Hello Folks…any help greatly appreciated…I am trying to incorporate a click track into a mogg files that I import into Audacity. I see how to create the click track, but I am wondering if most mogg files that you guys have worked with if the spedd of the tracks are at a consistent bpm. lets say for example (mogg files from guitar hero)
I am having a heck of a time accomplishing this? any help greatly appreciated
Regards

Can you explain more what you are trying to do. Are you trying to mix a click track with the files?

Is the problem that the files are not at a constant BPM? Are they getting faster or slower gradually?


Gale

Hello any detail or step by step instruction would be greatly appreciated .

I am trying to add a click track to a mogg file.

The tempo of the song is not consistent and drifts. I have only just heard of a procedure called tempo mapping in which you tap out the song the move pieces of the song to match the click. This is a procedure in Reaper which I have never used.

Does Audacity support a simple way of tempo mapping ? and if there is a step by step youtube tutorial or if you can explain how to do it would be forever appreciated

Regards
Robin

Yes Gale that is exactly correct. The BPM drifts. And I have heard there is a way to match a click to this somehow but I am at a loos on how to do it

I’ve merged your other topic with this one as it is essentially the same question.

Audacity does not have tempo mapping, though there are some plug-ins that can attempt to detect beats and tempo. Those plug-ins tend to work best with music that has a strong beat.

Creating a click track to an irregular beat is tricky, even with programs that have tempo mapping and beat detection built in.

Tempo maps are generally used the other way round. You start with some music that has strict tempo, then use a tempo map to shift the tempo. Some programs (not Audacity) can attempt to pick out the rhythm/tempo from one track and apply it to another track. I’ve not done that sort of thing for a few years, so technology may have moved on, but I always found that process to be rather hit and miss. It would work reasonably well if the two tracks were very similar and both had strong beats, but more difficult material would often fail miserably.

We may be able to be more helpful if you tell us a bit more about this project. What type of music is it? Does it have a strong beat? Why do you want to add a click track?

Thank you for the quick response.

We are a band and I use tracks for keyboards etc.

lets say I have a mogg of a song. they never played the song to a click track and thus the tempo fluctuates. What I do is import the mogg which separates all of the instruments.
I now want to add a click track to this song. Once that is done I move the click to the left channel and music to the right channel.
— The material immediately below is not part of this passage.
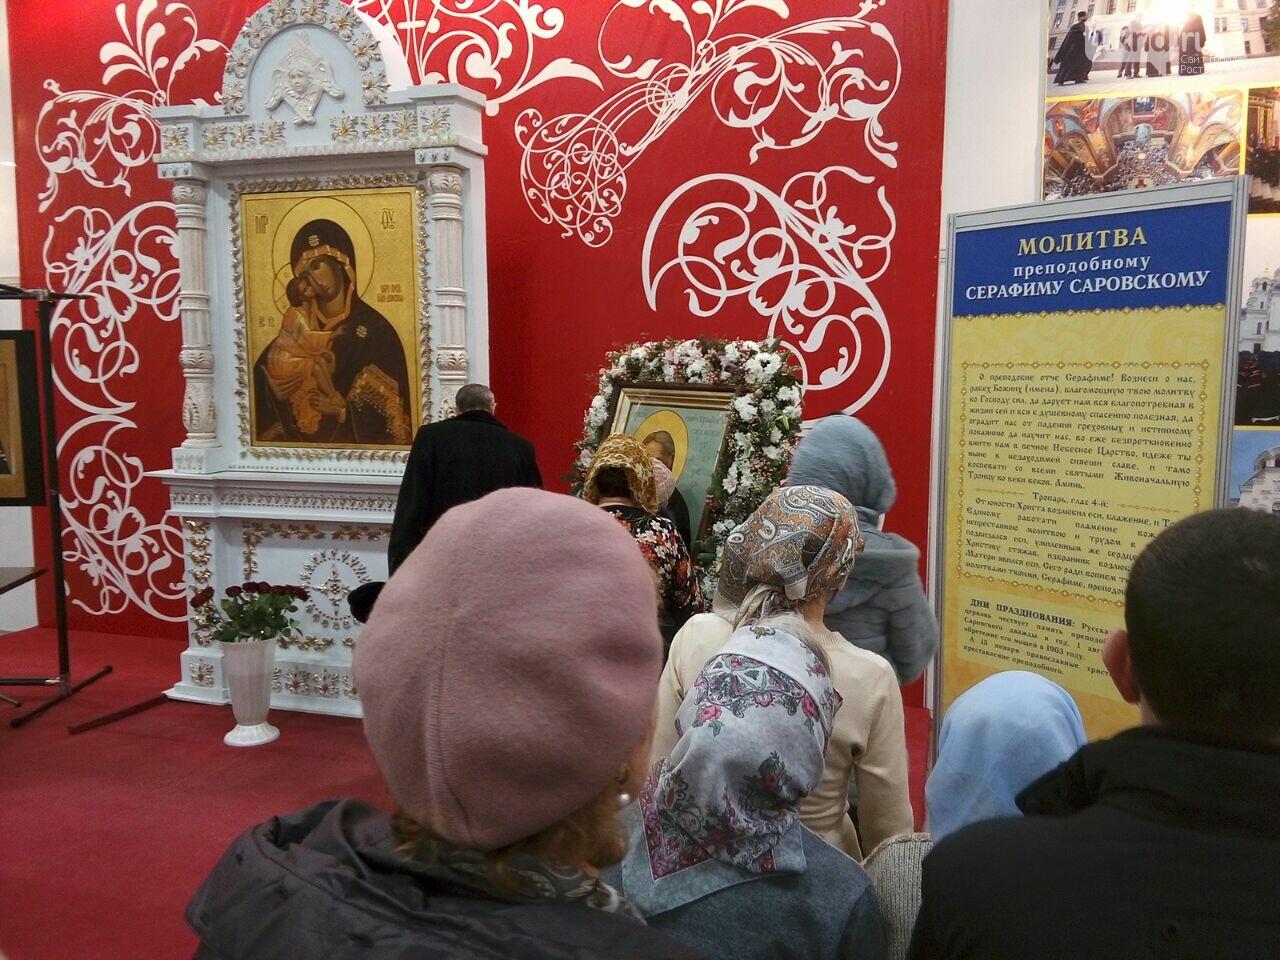 Огромная очередь выстроилась на поклонение иконе и мощам Серафима Саровского в Ростове, фото-3

I then delete all other instruments I don’t need.

I will now have the keyboards going in time to a click.

The click is used for the drummer to keep time so we can now play to the music track

I hope that makes sense

Thank you again

Is the tempo supposed to fluctuate, or is that just because (dare I say) ‘someone’ can’t hold a steady tempo?

If the former, then I think that the best way would be to create a click track manually - in fact, the best person for that job would probably be the drummer.

If the latter, then you may do better to just work out the average tempo (count the beats, then divide by the duration in seconds, then multiply by 60 for bpm), then generate a regular click track at that tempo.